Raw data:

--

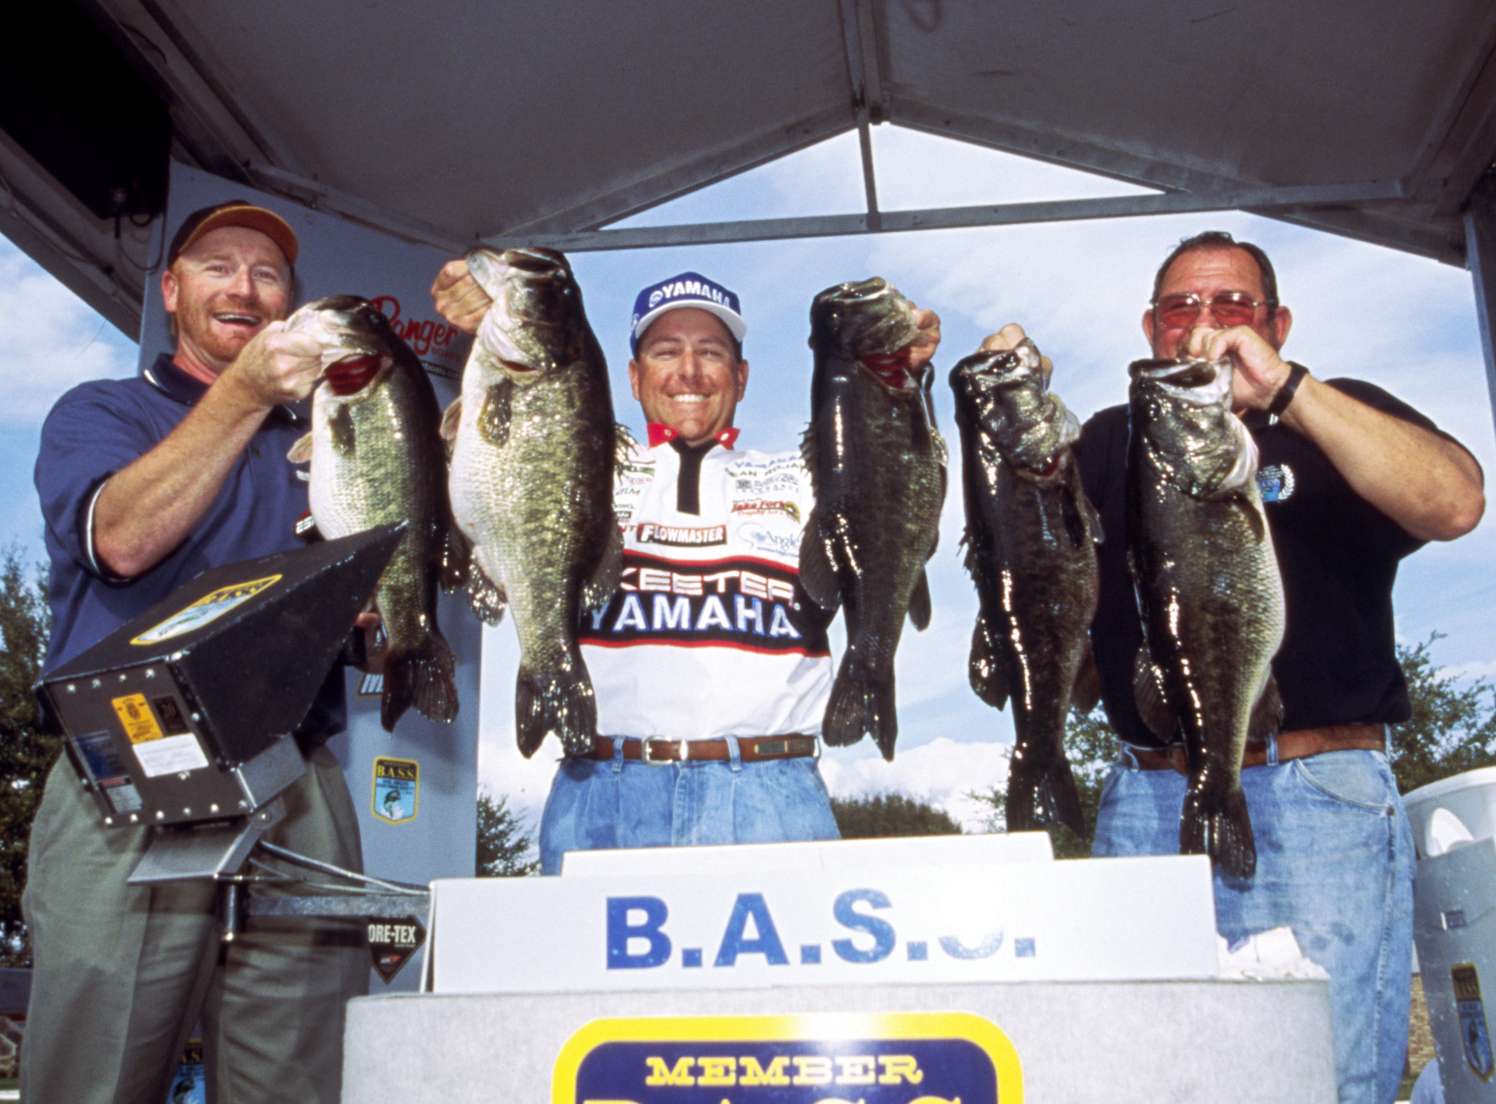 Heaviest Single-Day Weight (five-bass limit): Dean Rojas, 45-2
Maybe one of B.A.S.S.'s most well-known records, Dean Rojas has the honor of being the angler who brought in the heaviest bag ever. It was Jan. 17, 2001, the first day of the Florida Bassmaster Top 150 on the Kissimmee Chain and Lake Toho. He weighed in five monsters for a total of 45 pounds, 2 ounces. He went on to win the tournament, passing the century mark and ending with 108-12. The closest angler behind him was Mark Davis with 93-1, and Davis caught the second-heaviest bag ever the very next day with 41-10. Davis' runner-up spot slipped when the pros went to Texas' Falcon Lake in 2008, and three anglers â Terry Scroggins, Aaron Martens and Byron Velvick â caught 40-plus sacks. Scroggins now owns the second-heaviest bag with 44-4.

--

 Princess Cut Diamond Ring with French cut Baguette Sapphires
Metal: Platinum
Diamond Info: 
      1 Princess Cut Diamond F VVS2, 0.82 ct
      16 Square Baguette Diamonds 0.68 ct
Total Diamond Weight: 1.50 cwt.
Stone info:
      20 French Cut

--

Task objective:
Among the lines above, find those containing the word "with" and copy each.

Written answer:
Maybe one of B.A.S.S.'s most well-known records, Dean Rojas has the honor of being the angler who brought in the heaviest bag ever. It was Jan. 17, 2001, the first day of the Florida Bassmaster Top 150 on the Kissimmee Chain and Lake Toho. He weighed in five monsters for a total of 45 pounds, 2 ounces. He went on to win the tournament, passing the century mark and ending with 108-12. The closest angler behind him was Mark Davis with 93-1, and Davis caught the second-heaviest bag ever the very next day with 41-10. Davis' runner-up spot slipped when the pros went to Texas' Falcon Lake in 2008, and three anglers â Terry Scroggins, Aaron Martens and Byron Velvick â caught 40-plus sacks. Scroggins now owns the second-heaviest bag with 44-4.
 Princess Cut Diamond Ring with French cut Baguette Sapphires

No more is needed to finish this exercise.